Budget Secretary Amenah Pangandaman expressed satisfaction over the reduction in the national budget deficit. In her statement on Friday, she highlighted that the decrease surpassed initial expectations.
“We are thrilled to report that our 2024 budget deficit has fallen to 5.7 percent of GDP, equivalent to P1.506 trillion. This achievement is beyond our projections,” stated Pangandaman.
The statement followed the Bureau of the Treasury’s release of the Cash Operations Report, detailing the fiscal performance for the year 2024.
Pangandaman noted this as the most significant reduction since the onset of the Covid-19 pandemic five years ago, marking a notable improvement from the 6.2 percent deficit recorded in 2023. She attributed this to enhanced revenue and spending performance, aligning with the fiscal outlook established by the Development Budget Coordination Committee (DBCC) during their recent session.
She acknowledged the leadership of President Ferdinand Marcos Jr. and his economic team for prioritizing the macroeconomic targets of the administration.
Last December, the DBCC revisited the government’s medium-term macroeconomic assumptions, including the fiscal targets, predicting a 5.7 percent deficit for 2024.
Pangandaman affirmed that these results align with the government’s Agenda for Prosperity and strengthen the Philippines’ standing as a dynamic emerging economy in the Asia-Pacific region. By 2028, the DBCC aims to reduce the budget deficit to 3.7 percent.
“Through our continued efforts, we are committed to building a prosperous Philippines that enhances job creation, boosts incomes, and alleviates poverty,” she added.

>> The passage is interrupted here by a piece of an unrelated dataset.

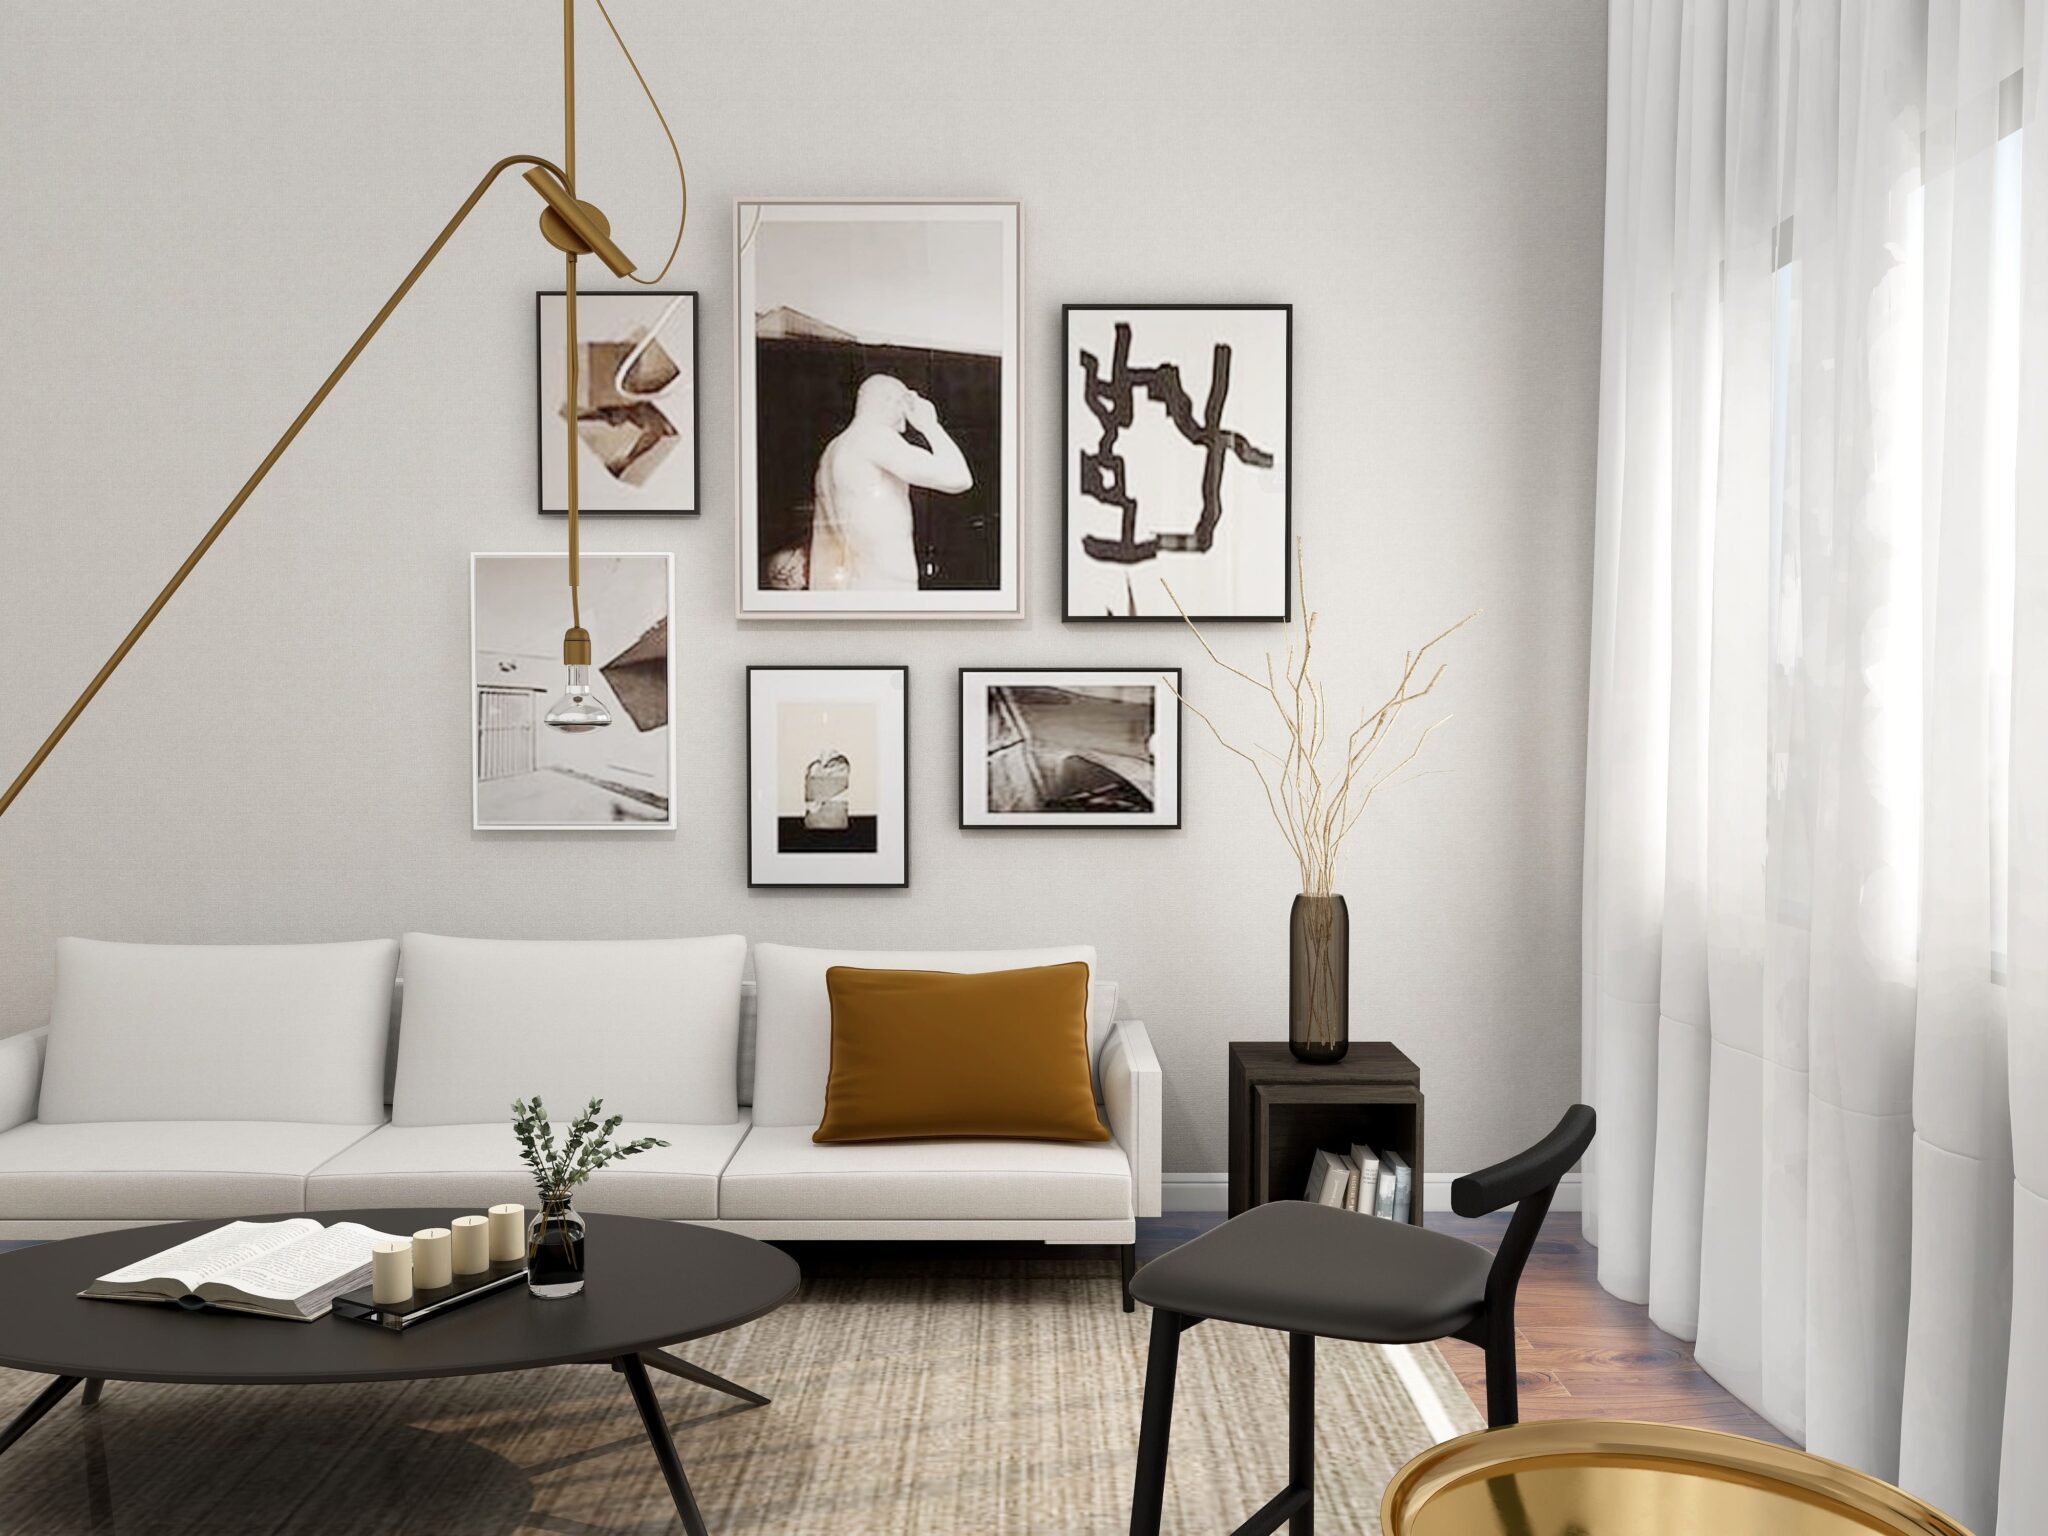 Lounge with graphic wall art and white couch.

The Department of Budget and Management (DBM) reported an 11.04 percent increase in government spending in 2024, which exceeded the target by 2.97 percent, mainly driven by enhanced health and social protection programs, salary increments for government employees, and substantial infrastructure investments.
In 2024, government revenues climbed to P4.419 trillion, accounting for 16.72 percent of GDP, marking a 15.56 percent rise from the previous year and surpassing revenue targets by 3.49 percent.